● TASK BRIEF:
Using the listing below, output only the lines from the one that contains "GL9-008 CBP Officer" through the one that contains "carbomer, gel, ophthalmic, gel, private", inclusive, exactly as given and without images.

AVAILABLE RECORDS: Begin

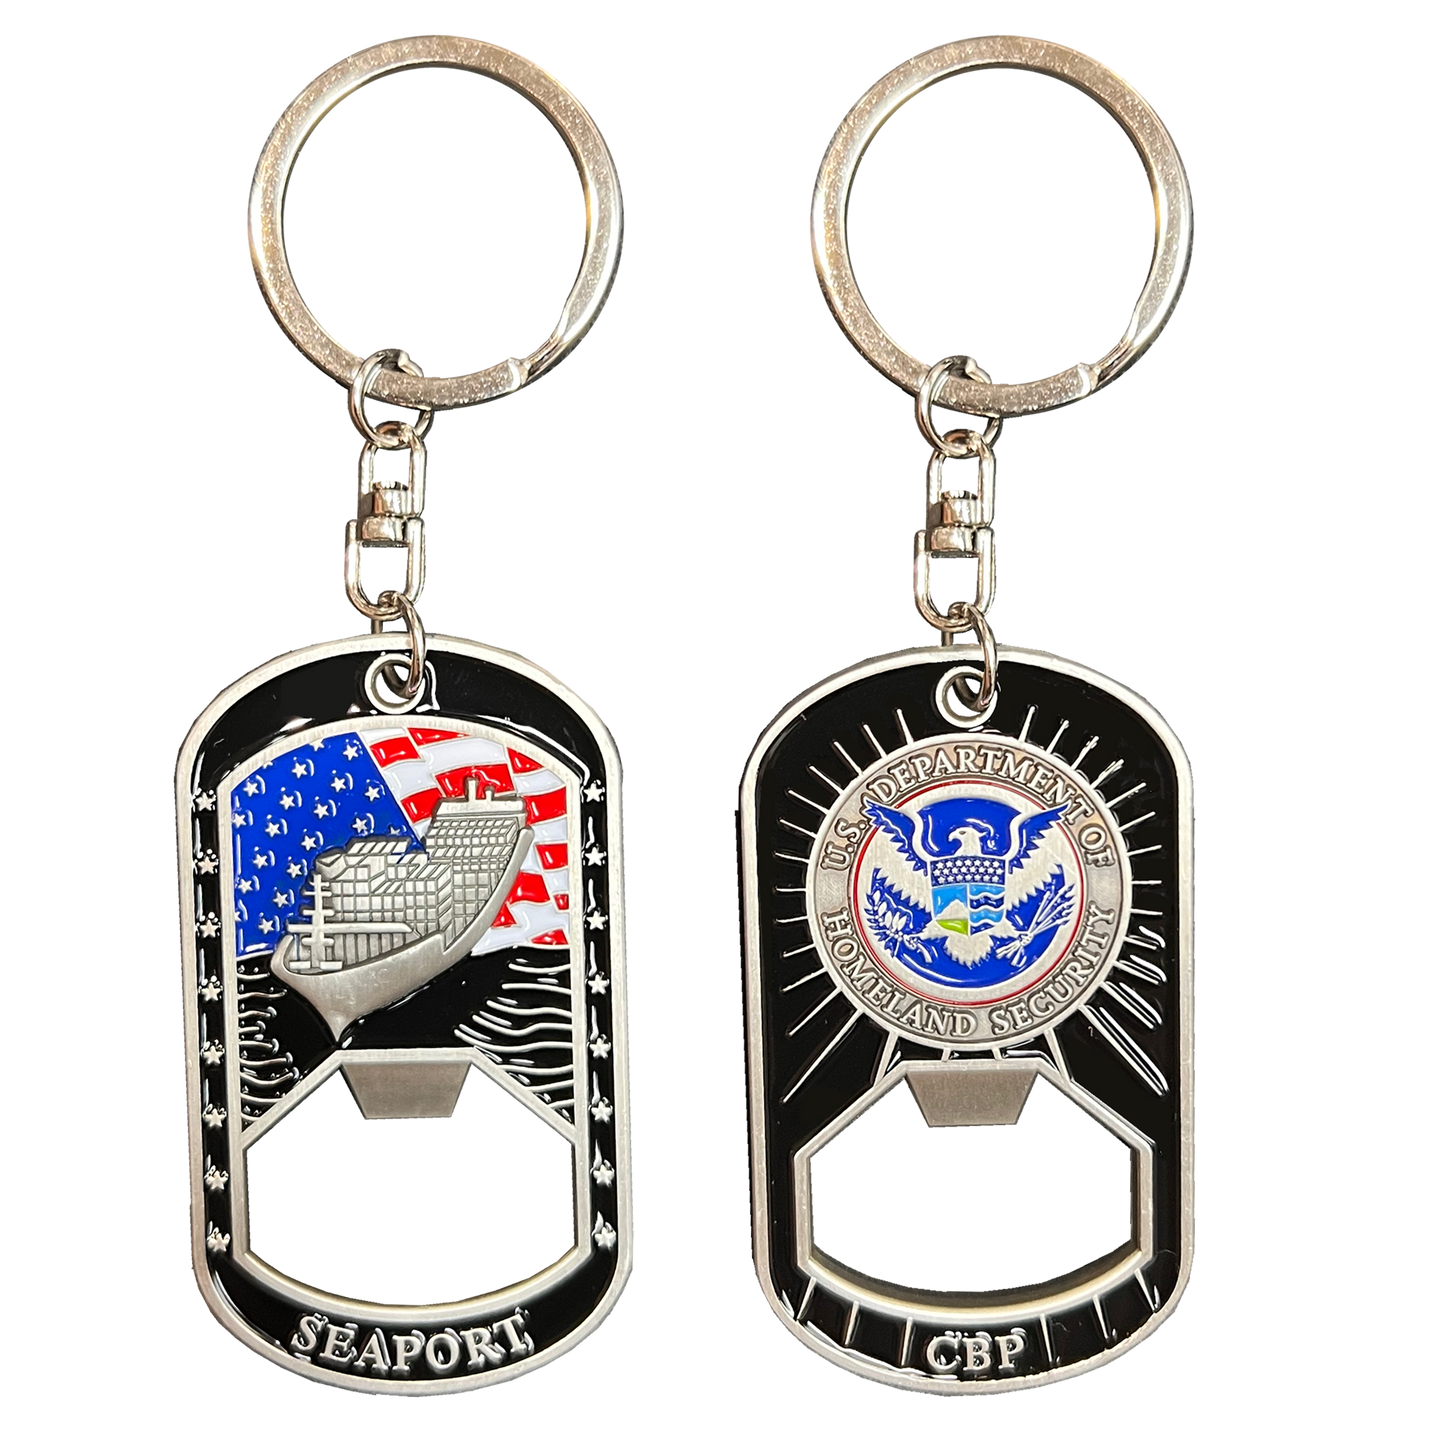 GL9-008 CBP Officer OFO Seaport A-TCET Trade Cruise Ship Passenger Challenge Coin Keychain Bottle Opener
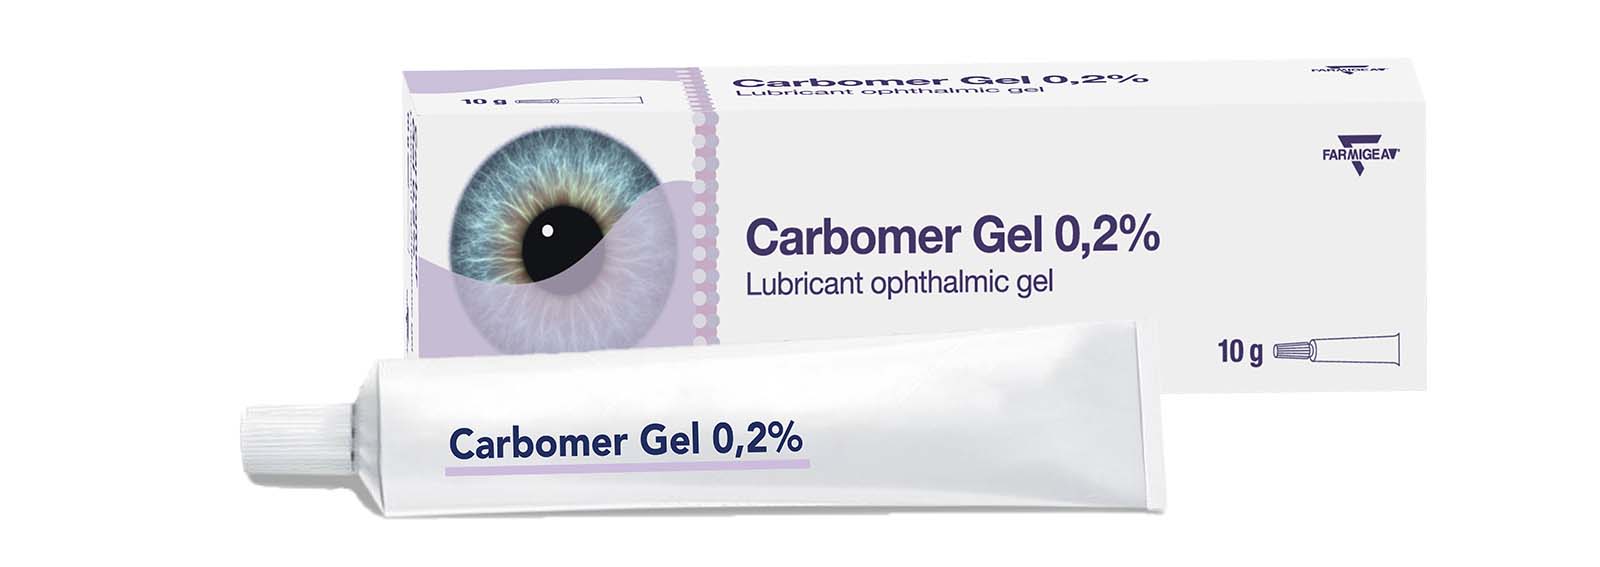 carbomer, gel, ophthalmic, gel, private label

AVAILABLE RECORDS: End
AVAILABLE RECORDS: Begin

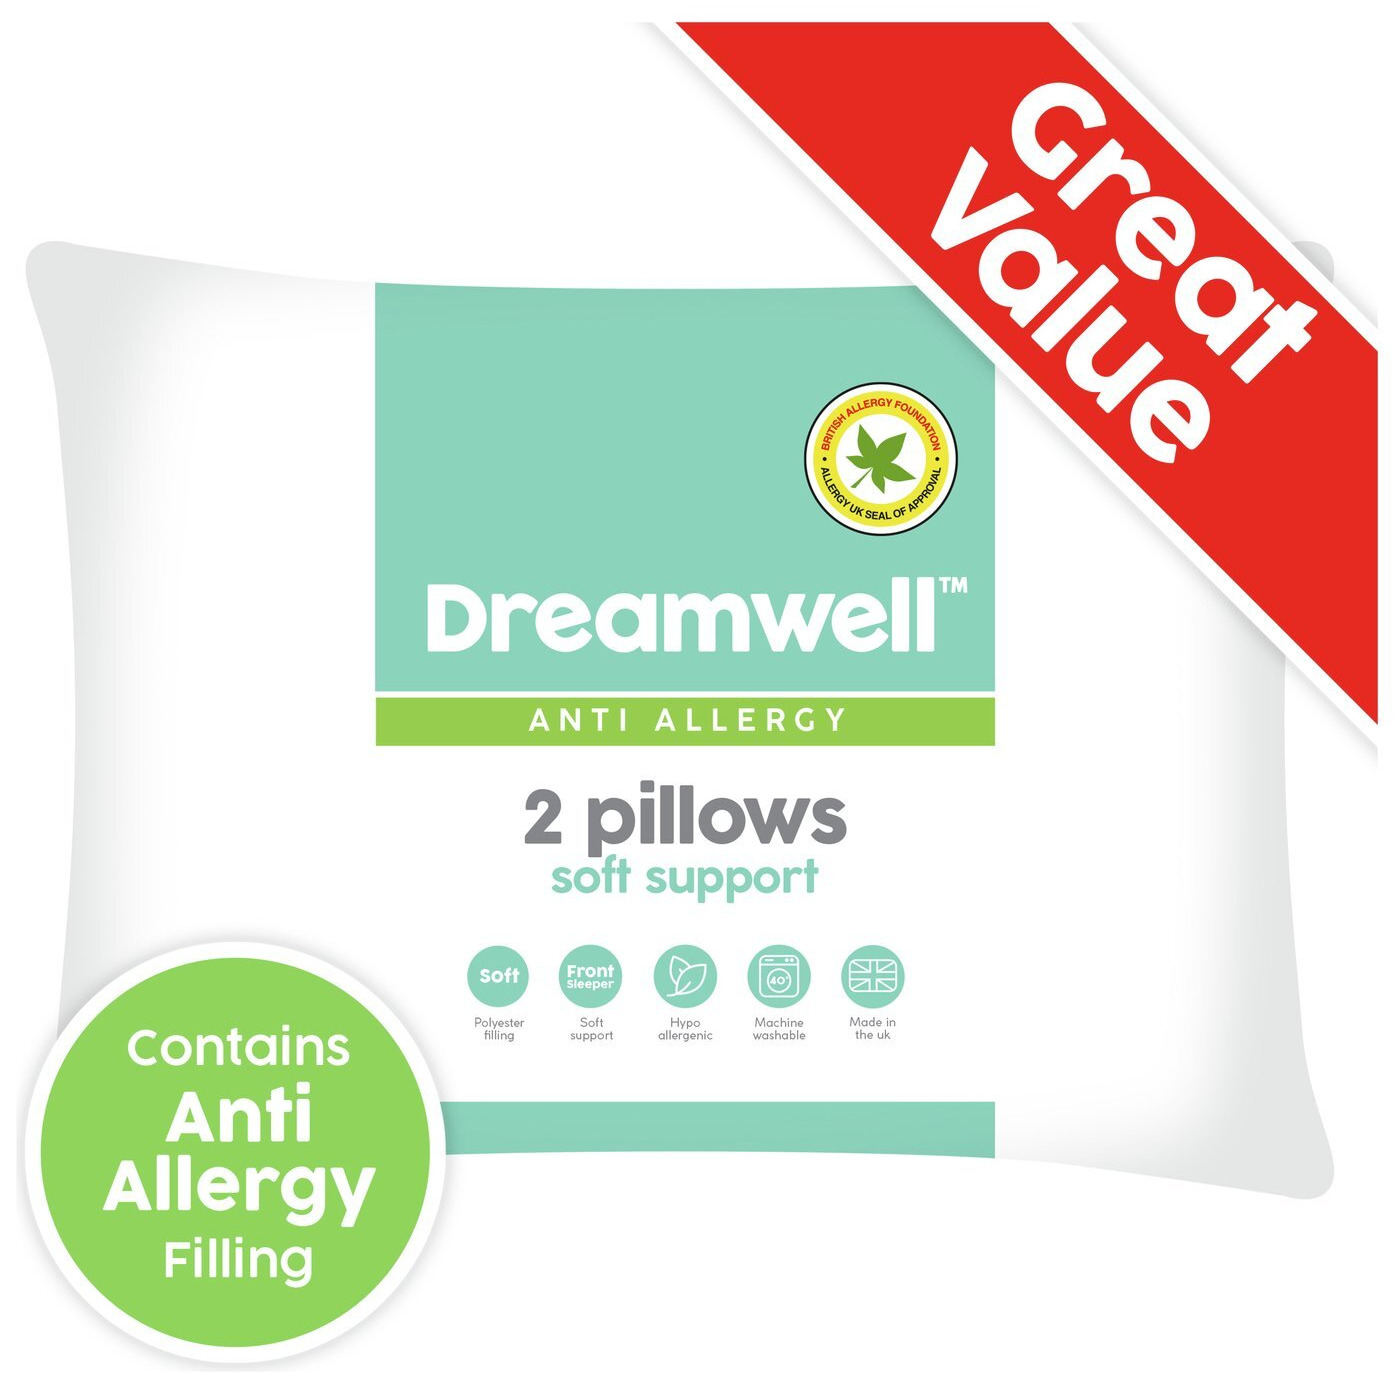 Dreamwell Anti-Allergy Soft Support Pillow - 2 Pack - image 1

AVAILABLE RECORDS: End

● EXERCISE ANSWER:
 GL9-008 CBP Officer OFO Seaport A-TCET Trade Cruise Ship Passenger Challenge Coin Keychain Bottle Opener
 carbomer, gel, ophthalmic, gel, private label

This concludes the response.